Varnish looks like a very good use case for that. Basically, you wouldn't be generating the full site statically, but incrementally, every time there's new requested content varnish hasn't cached yet.
EDIT to cover the comments:
if all the Varnish nodes are down, you can't get your content, same as if the database is down, or if your load-balancers are down. Just have two Varnish load-balanced for high availability with keepalived for example.
if varnish is restarted, the cache will get cleared, unless you are using Varnish Plus/Enterprise with MSE. It may not be an issue if you don't restart often (configuration changes don't need restarts), since the database still has the data to repopulate the cache.
Varnish has a ton of options to invalidate content: purges for just one object, revalidation, bans to target entire sub-domains or sub-trees, xkeys for tag-based invalidation.
Based on the description, your architecture looks like Webpages --> Services -->Database.
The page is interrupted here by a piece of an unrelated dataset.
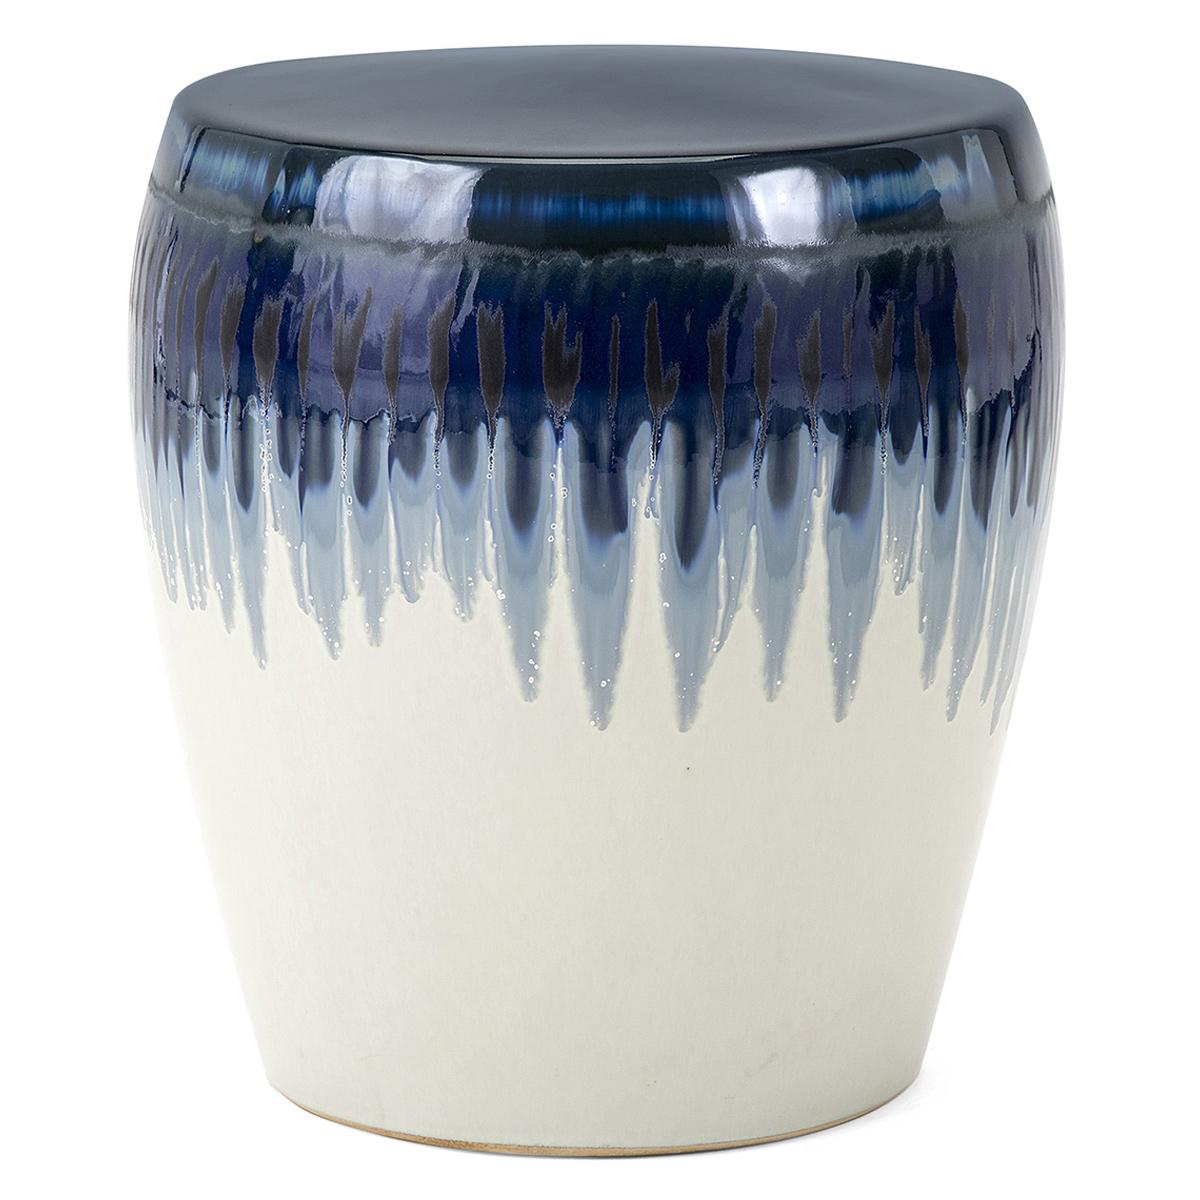 Williar Cherry Blossom Ceramic Garden Stools Regarding Popular Azul Ceramic Garden Stool (View 21 of 30)

The pages are generated dynamically based on the data in the database.
For Example, when you search for employed details, the services hits the database and get the details of employee and is rendered on the UI.
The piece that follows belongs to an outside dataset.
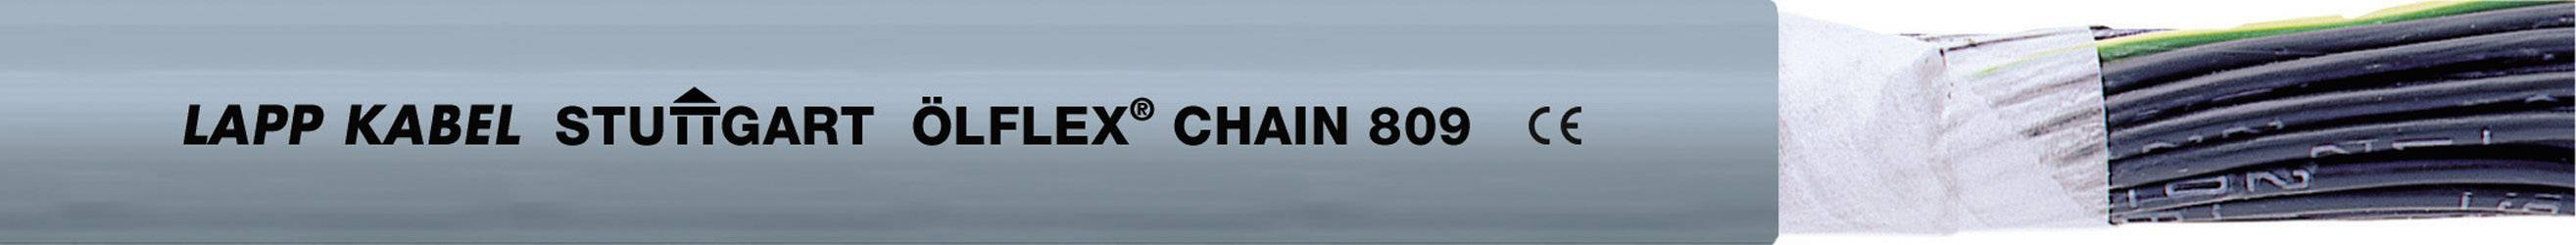 Žíla kabelu LappKabel ÖLFLEX CHAIN 809 12G1,5 (1026729), 12x 1,5 mm², PVC, Ø 12,3 mm, 100 m, šedá

Now,if you create a content and store as webpage for every employee, this solution will not scale. Also, if employee information is changed in the database, you will have a stale data if you are not recreating the page.
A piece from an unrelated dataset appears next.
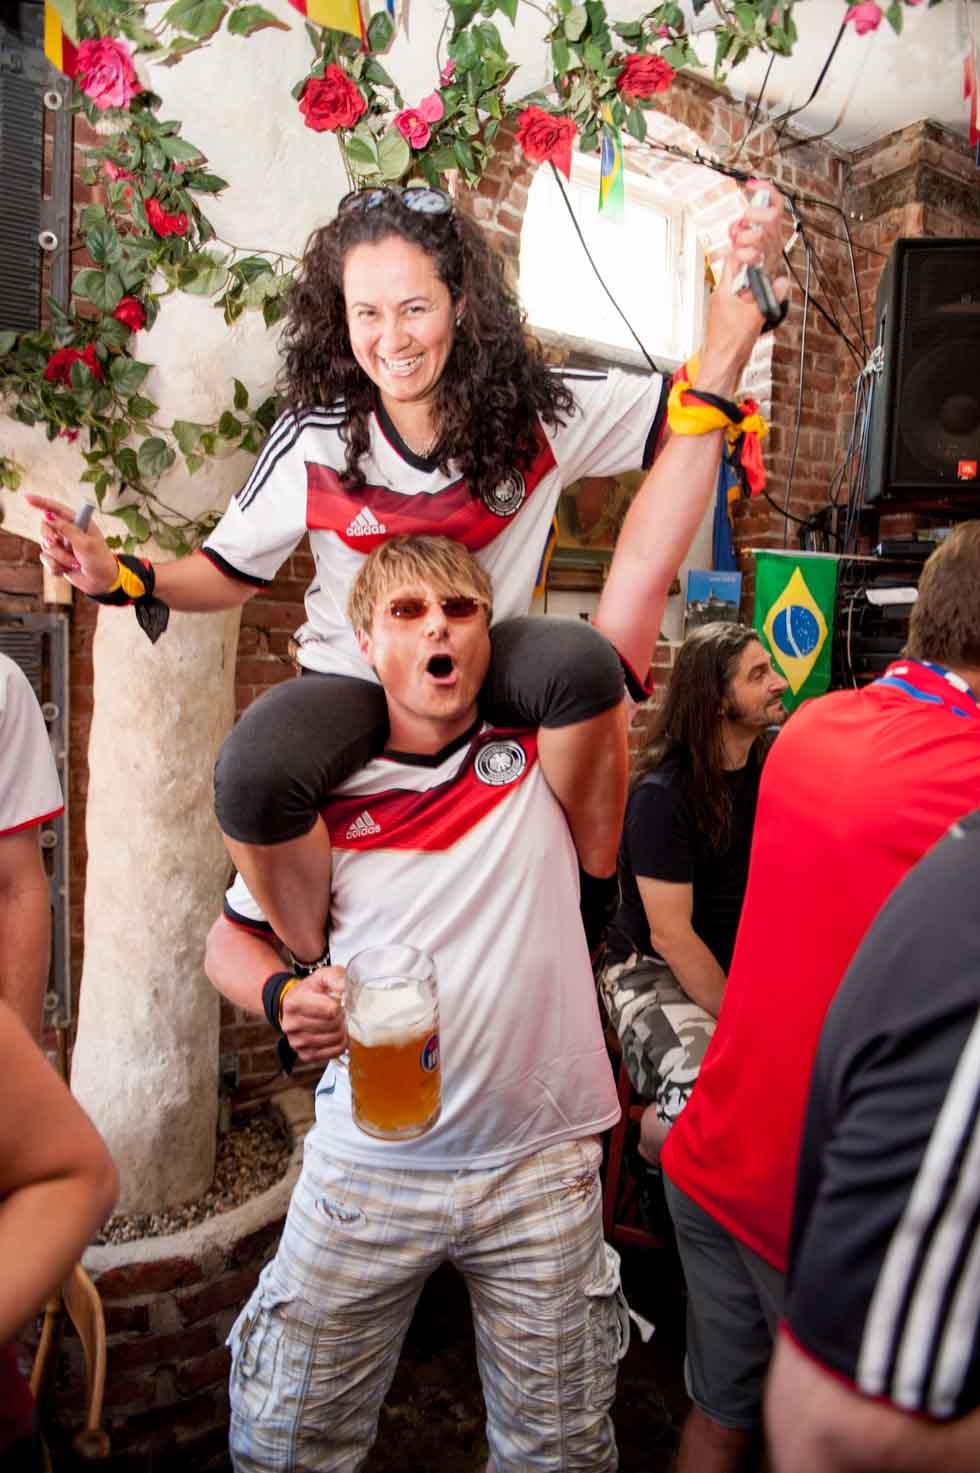 zum-schneider-nyc-2014-germany-portugal-world-cup-7807.jpg

My recommendation is the architecture should have a cache server and the new architecture should be like Webpages --> Services --> Cache server> Database. Services should query the database, create a page and store in the Cache. Key for cache should be page URL and value should be the page content. Now, when the URL hits the services, services will get the page from the cache rather than going to database. If the key is not available in the cache, services will query the database and fill the cache with key and value.
"Key is Url of the page. Value is the content of the page which has hidden updated date."
You can have the back-end job or a separate service to refresh the cache when data is updated in the database. Job can compare the updated date in the database vs the date in the cache value and flush the cache if the date is not matching. Job running in the back-end to refresh the cache will run behind the scene and will not impact user or UI performance.
In my company, we have a report generation team which maintains a local web application which is horribly slow. These reports get generated weekly. The data for these reports reside inside a database which gets queried through this report portal. I cannot suggest them to change the application in anyway (like memcache etc.) the only option I have is to somehow save these pages locally and relay.
As these are not static pages(they use database to fetch the data), I want to know is there anyway I can store these pages locally by running a cronjob and then have the super fast access for me and my team.
PS:This application doesn't have any authentication these are plain diffs of two files stored in the database.
There are lot of options, but the following one may be easy
Generate HTML page regularly and update the cache (cache entire generated html page with key obtained from the dynamic content uniqueness), with some kind of cronjob as you have mentioned. This job populates all the modified dynamic content # regular intervals.
Have a wrapper for every dynamic page content to lookup cache. If hit then simply return the already generated HTML page. Else, go through regular flow.
You can also choose to cache this newly generated page also.
Hope it helps!
I'm developing a web app in Dart, packaged in tomcat 6 as a deployable .war. This app is used by a bunch of clients, all with Google Chrome.
Every time I republish a new version, every single client must clear his browser cache before seeing the updated files: this is very annoying and I can't find any solution other than broadcast a mail to everyone "Please clear the browser cache".
The desirable solution is not a complete cache disable but that the browser keeps caching all stuff to be the quicker it could, and that I can control this at my wish.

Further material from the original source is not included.